Information provided:
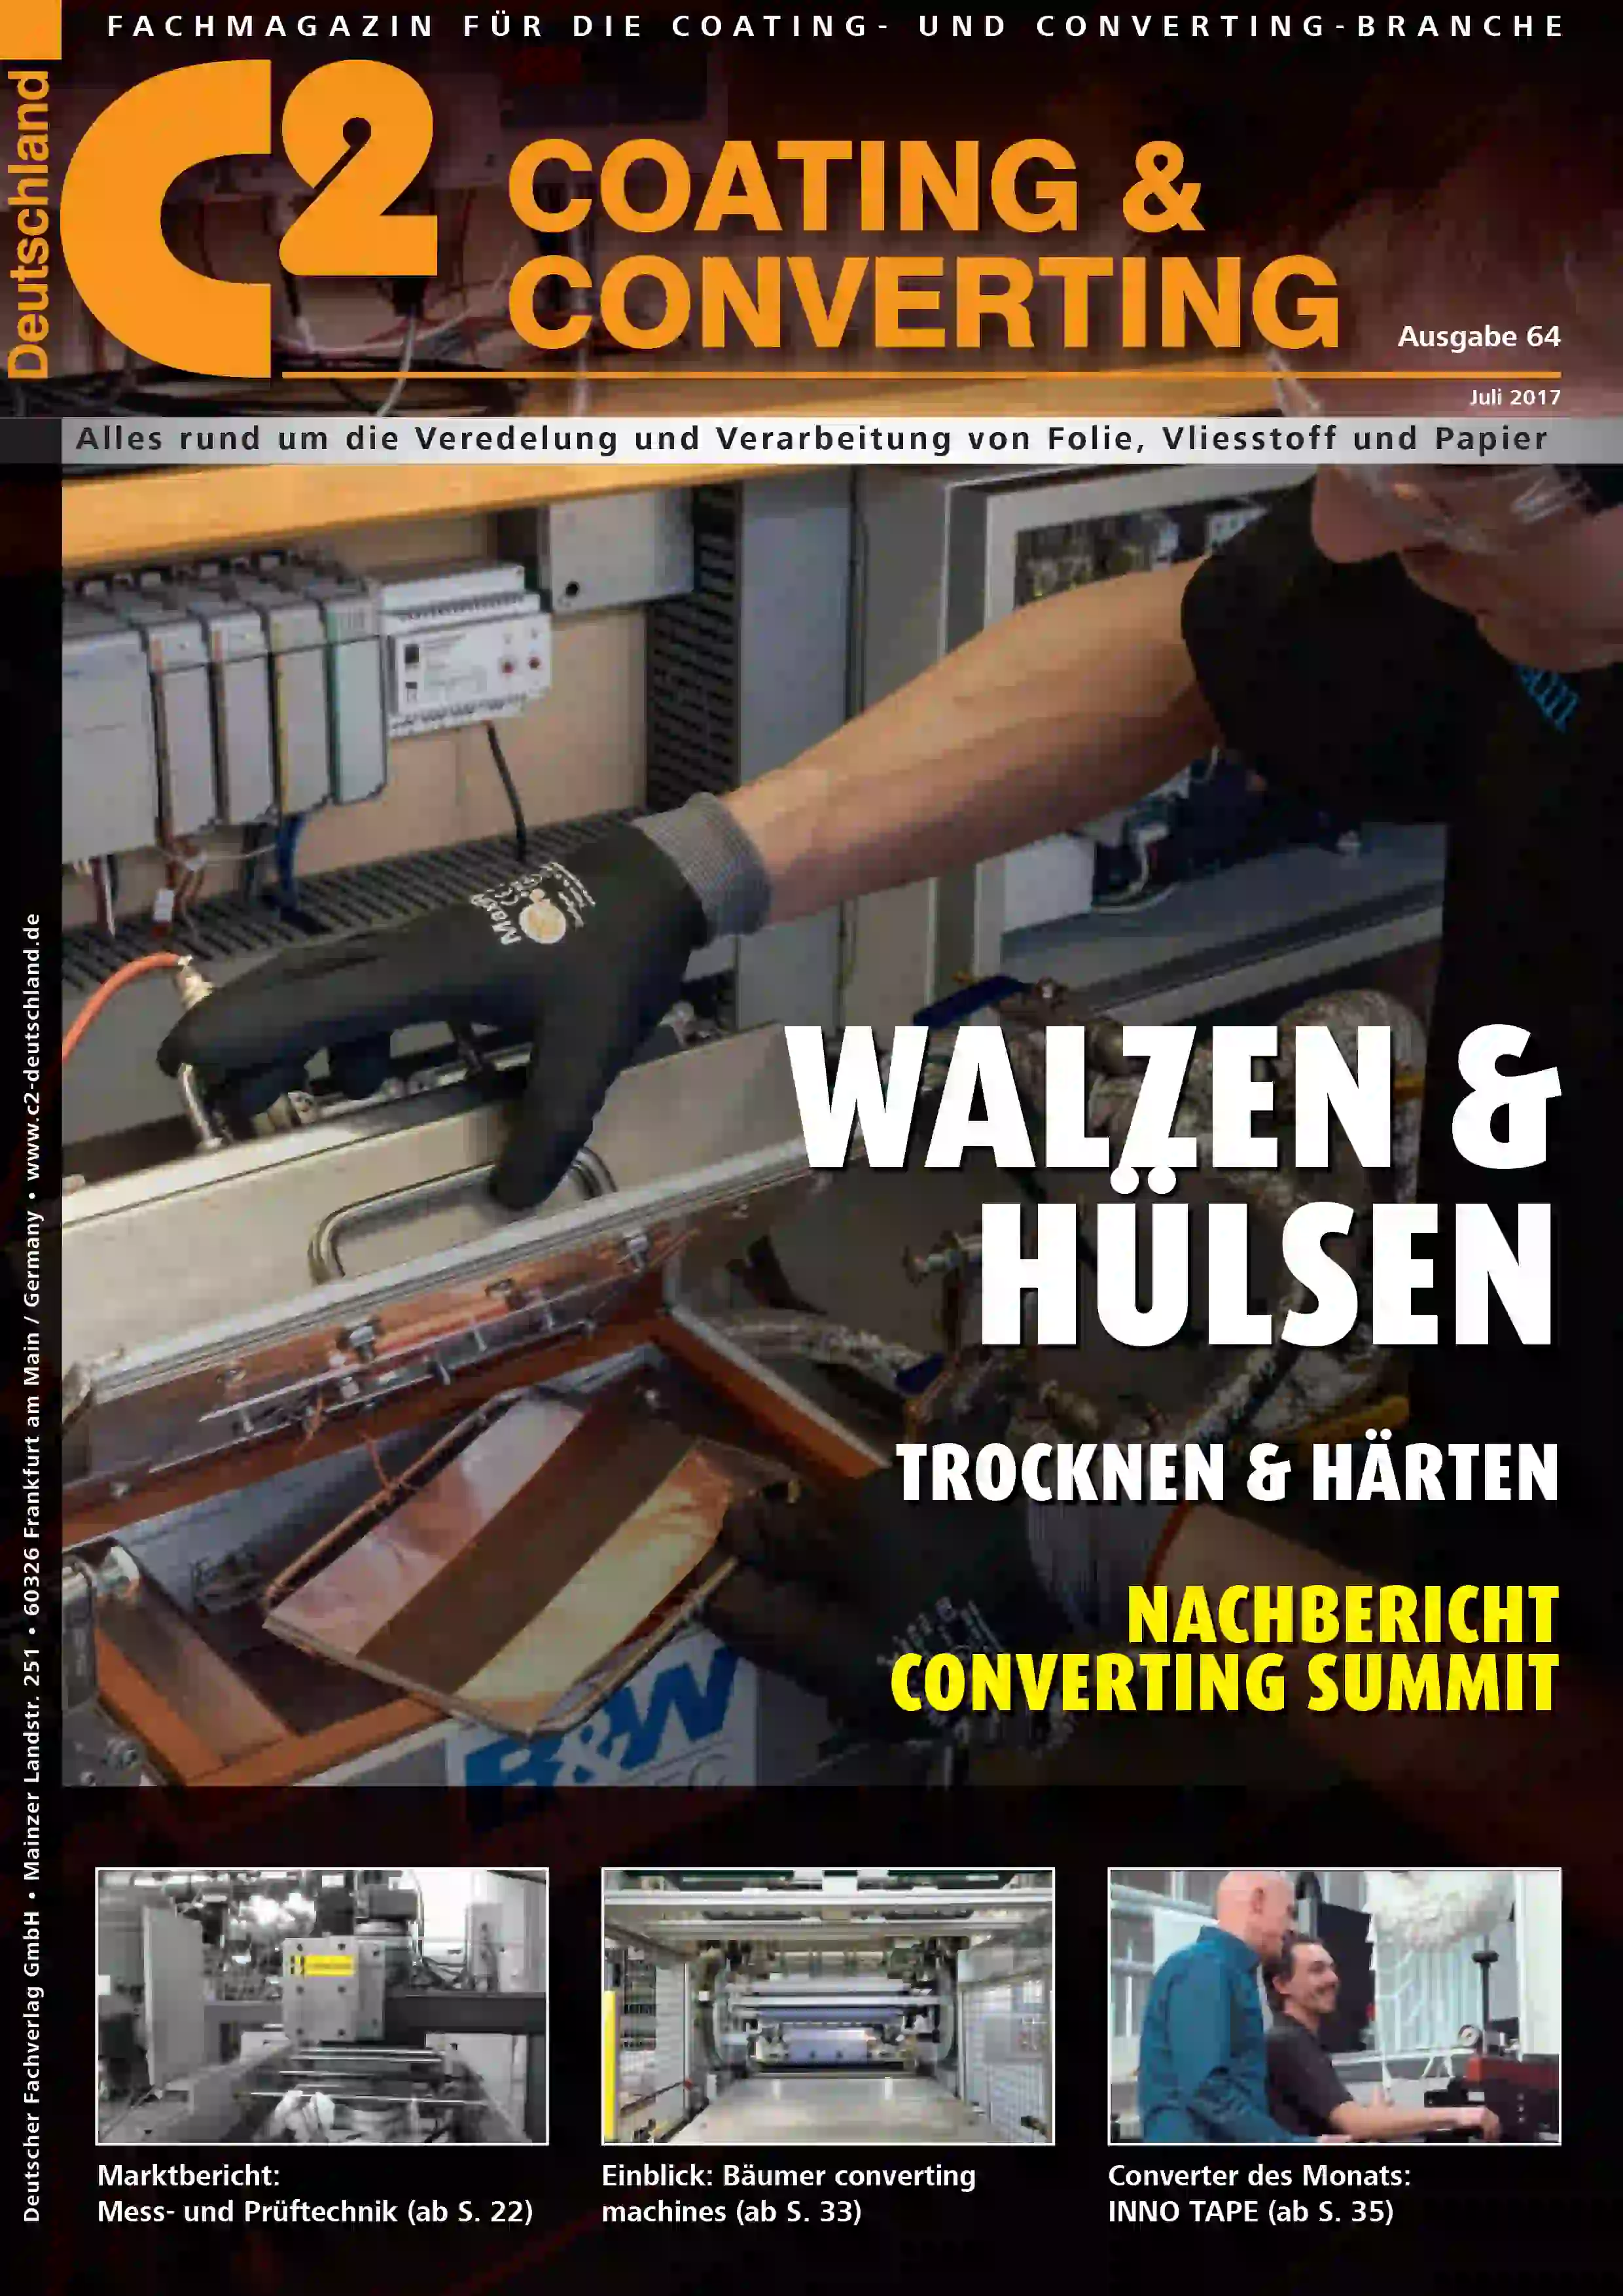 Hammer-IMS published in C2 Coating & Converting magazine
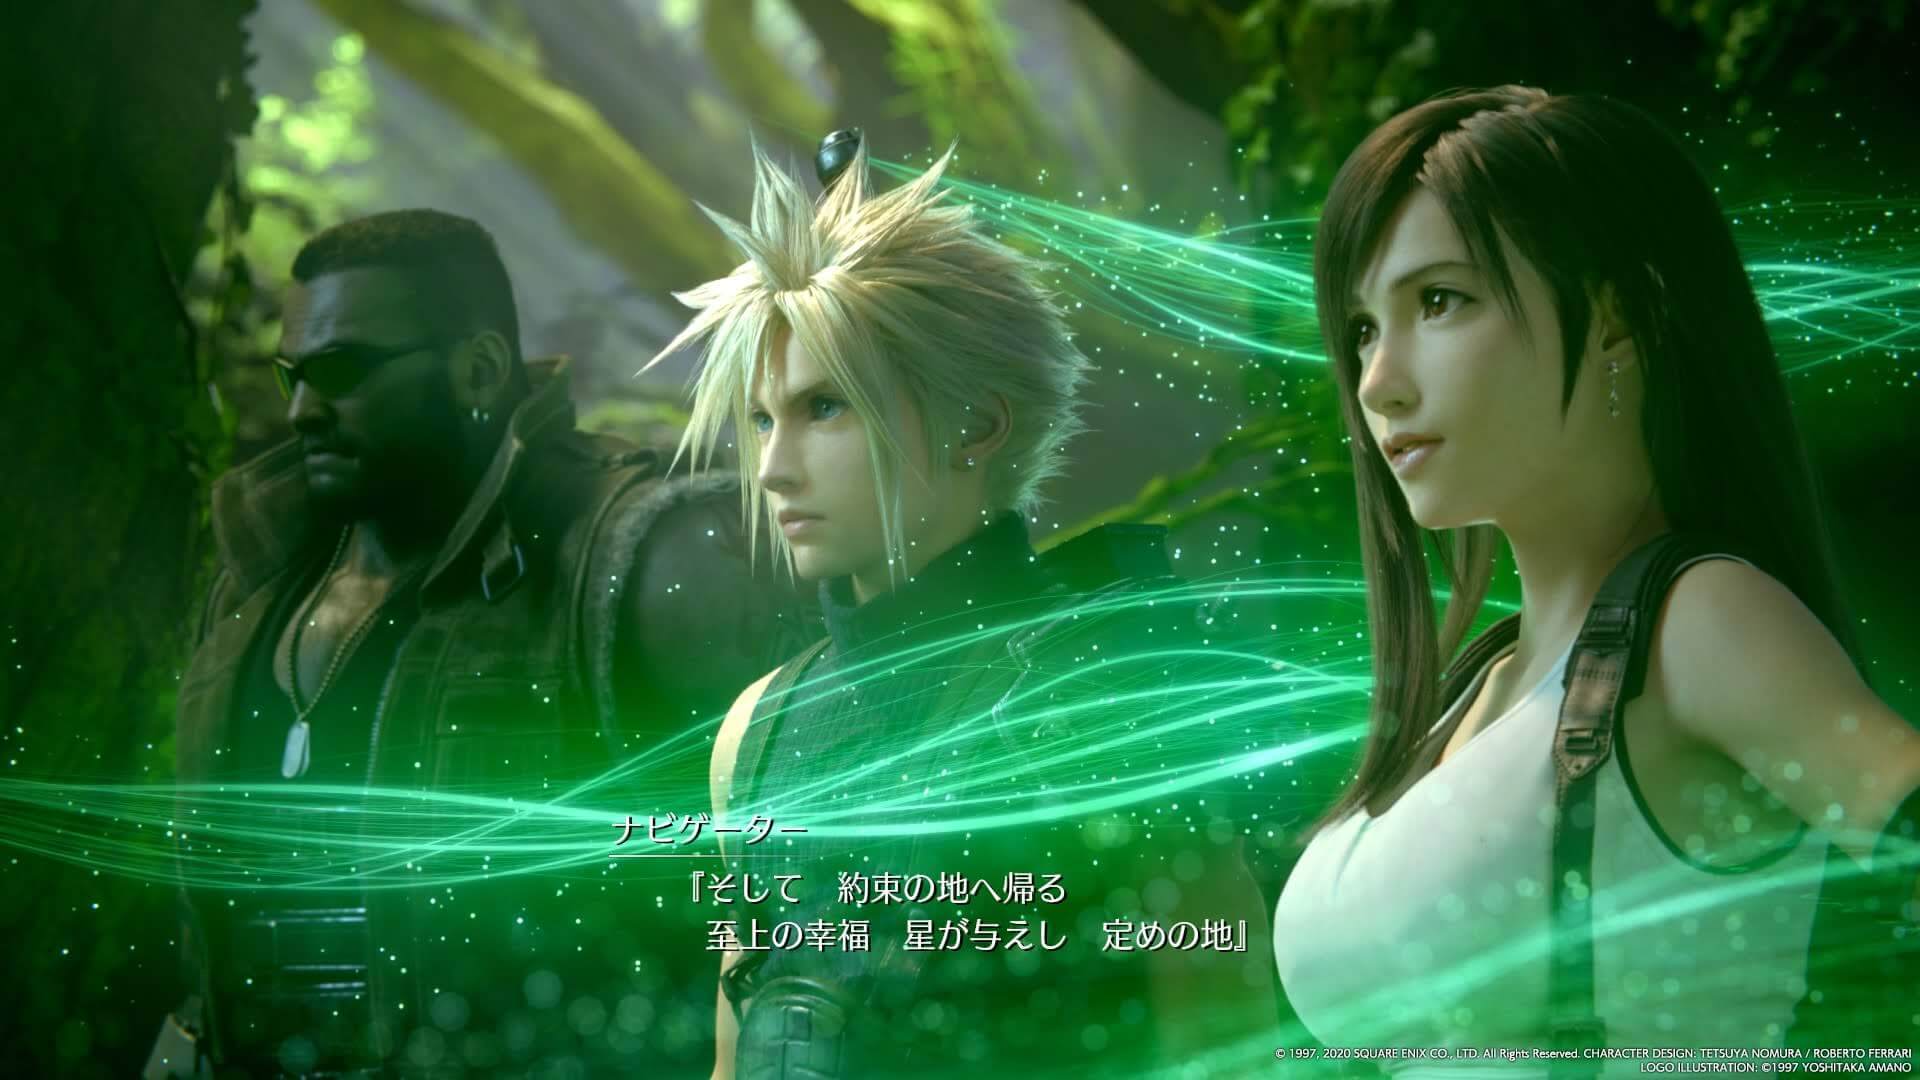 Ff7r Final Fantasy7 Remake Inspection フリーランスライフスタイルマガジン
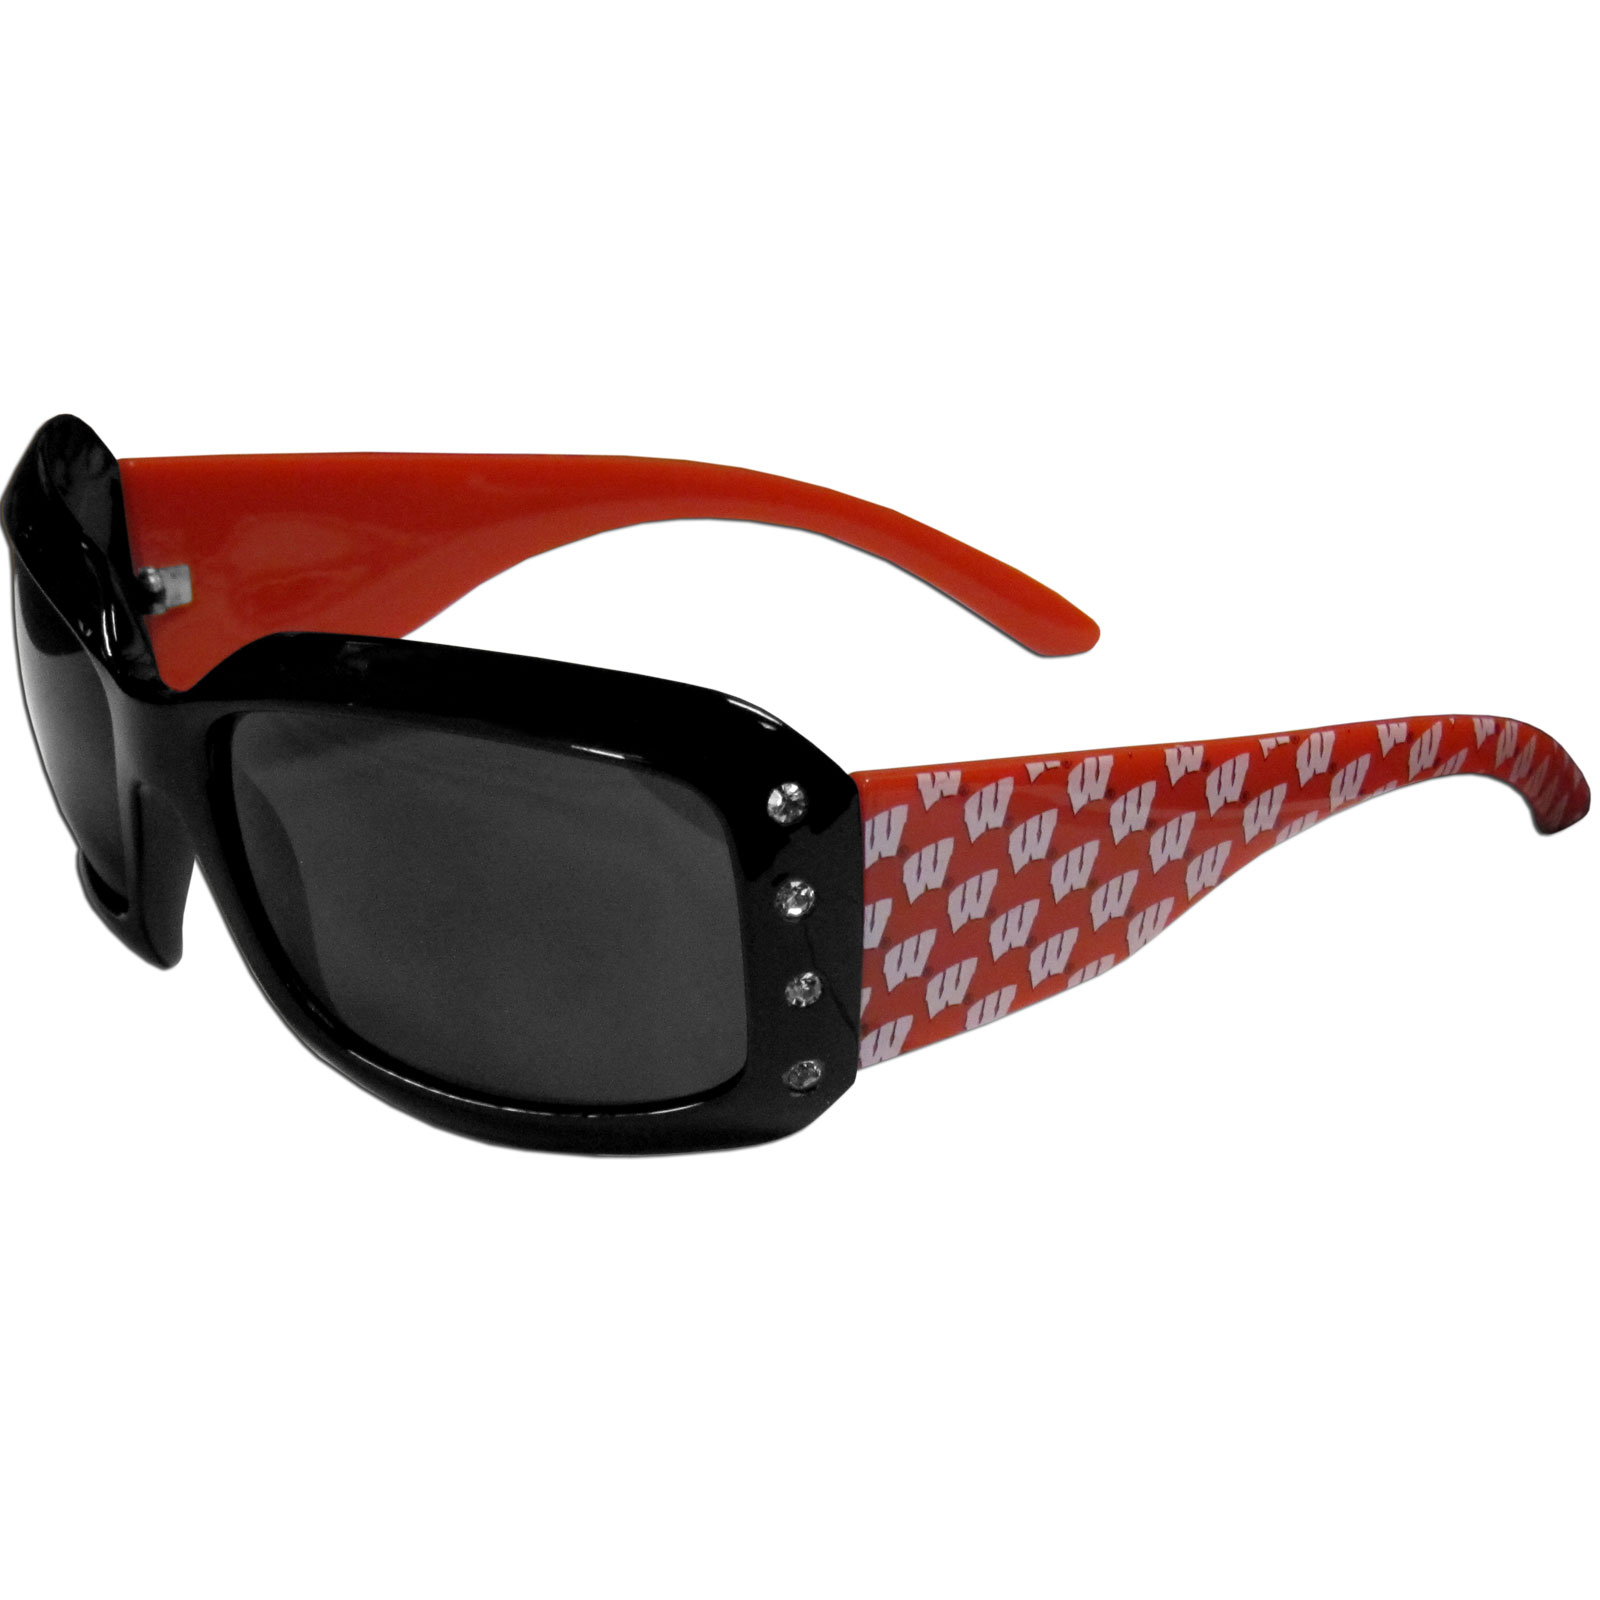 Wisconsin Designer Sunglasses with Rhinestones

What to produce: Your job is to reproduce the material exactly. Keep pictures out of it.

Exercise response:
 Hammer-IMS published in C2 Coating & Converting magazine
 Ff7r Final Fantasy7 Remake Inspection フリーランスライフスタイルマガジン
 Wisconsin Designer Sunglasses with Rhinestones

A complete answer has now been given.